# White Lotus Kenpo/Kajukenpo Pai Lum self defense videos on Youtube!



## KENPOJOE (Mar 23, 2009)

Hi Folks!
Recently, I placed the first 2 of a series of videos on Bok Leen Pai/Bai ling Pai [White Lotus Family]Kenpo system of Daniel Pai. These techniques were taught to me through GM Bill Gregory of the Kajukenpo Pailum lineage as well as his students and other sources. I wanted to place these videos to show yet another kenpo system and to address certain aspects regarding the art and its techniques.
Simply go to youtube and punch in "kenpojoe1" for my channel of any of the above mentioned arts.
BEGOOD,
KENPOJOE


----------



## youngboot (Jul 10, 2009)

wow thanks Kenpojoe I myself study Kajukenpo. Not alot of info out there about the style. I hope  one day to share Kajukenpo to the world.
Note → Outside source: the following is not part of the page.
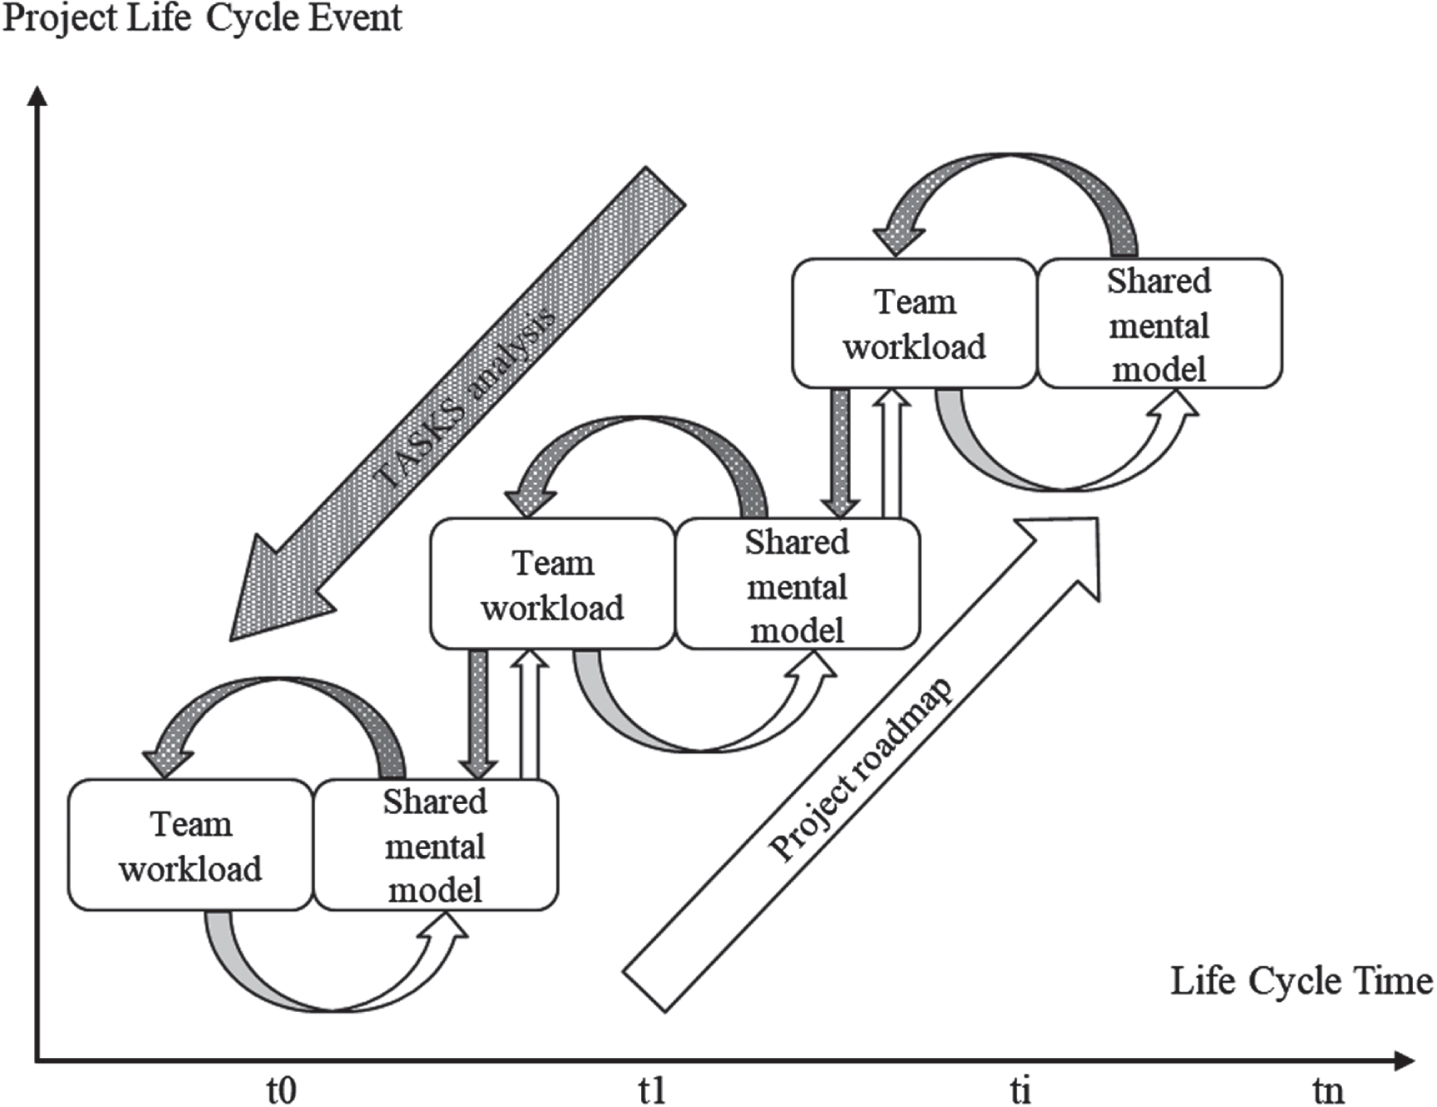 Life cycle analysis of project road map to identify stepwise workload during the research conduct. Adapted from Zeng, Y. (2015). Environment-Based Design (EBD): a Methodology for Transcapillary Design. Journal of Integrated Design and Process Science, 19(1), 5-24.
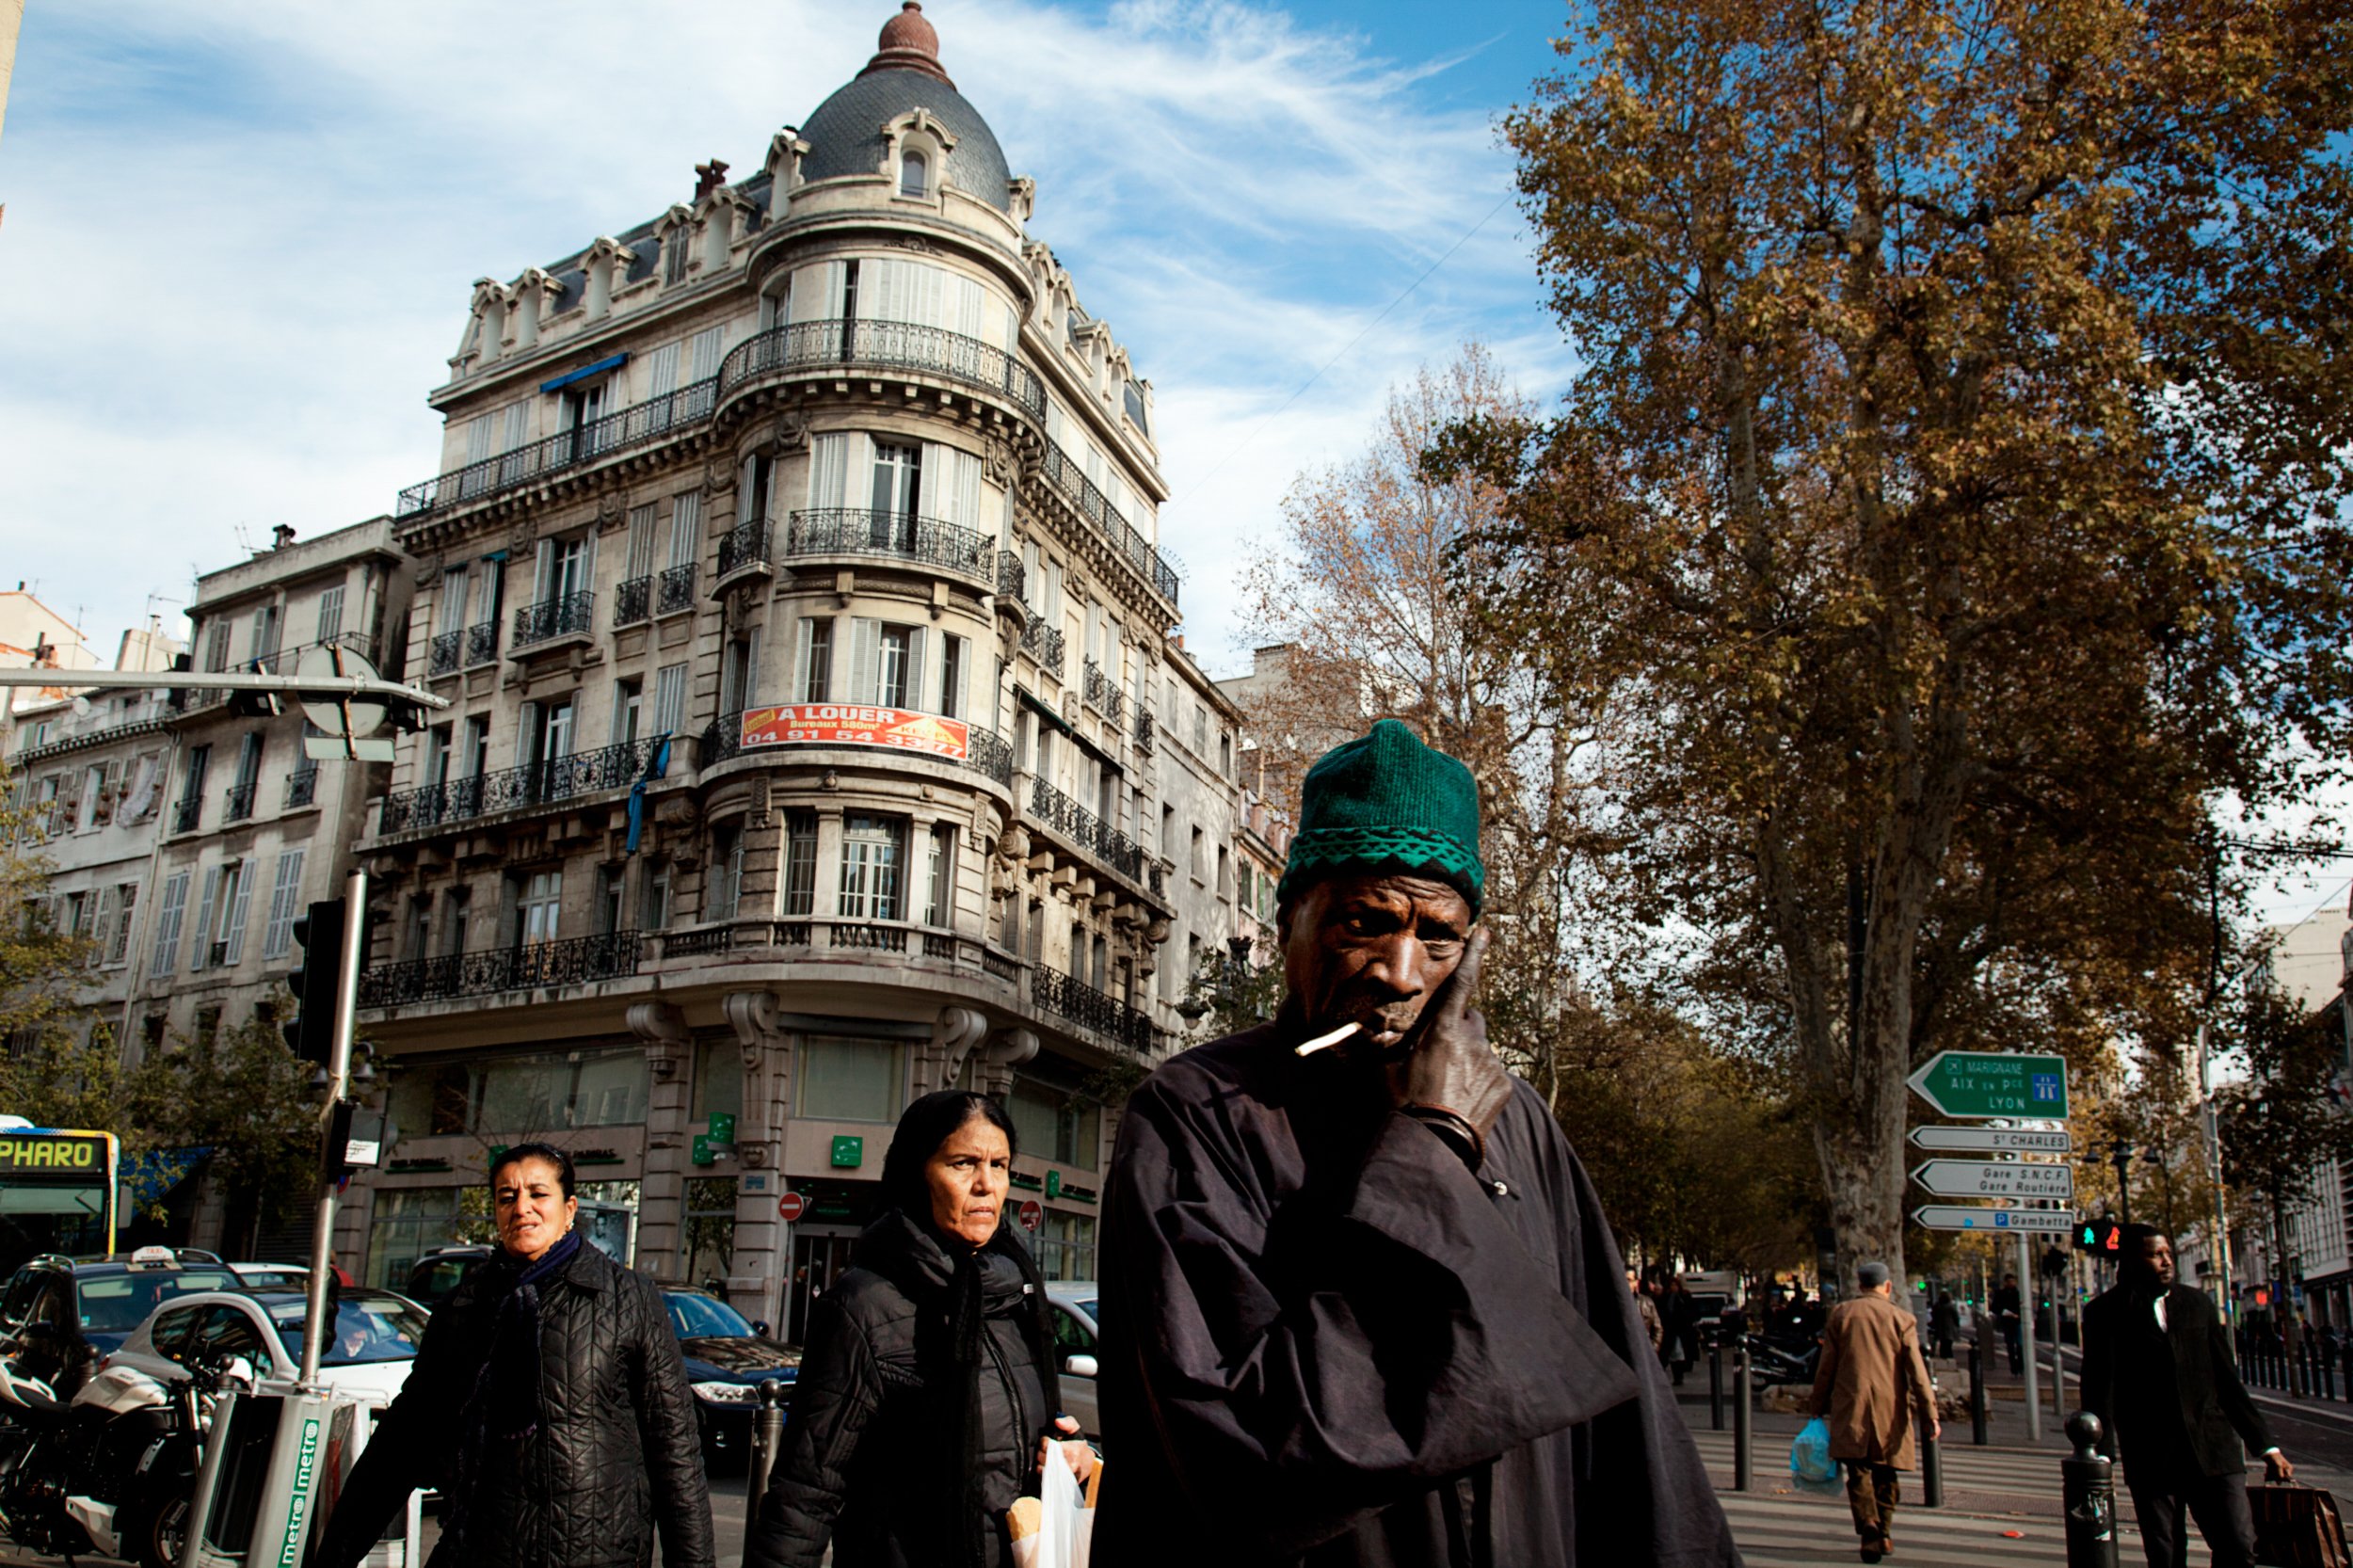  Pedestrians on Le Canebiere reflect the rich diversity of people who live in Marseille, France, on Nov. 25, 2010.

Thanks for the videos.


----------



## Milt G. (Jul 12, 2009)

Hello, Mr. Rebelo.
Looking forward to seeing this.  Thanks for the "heads up".
Nice to meet you at the GOE/HOF event in Chicago last month.
Please keep up the great work!
Milt G.


----------



## Kirk (Jul 12, 2009)

Thanks Mr. Rebelo....I've always enjoyed all of your videos


----------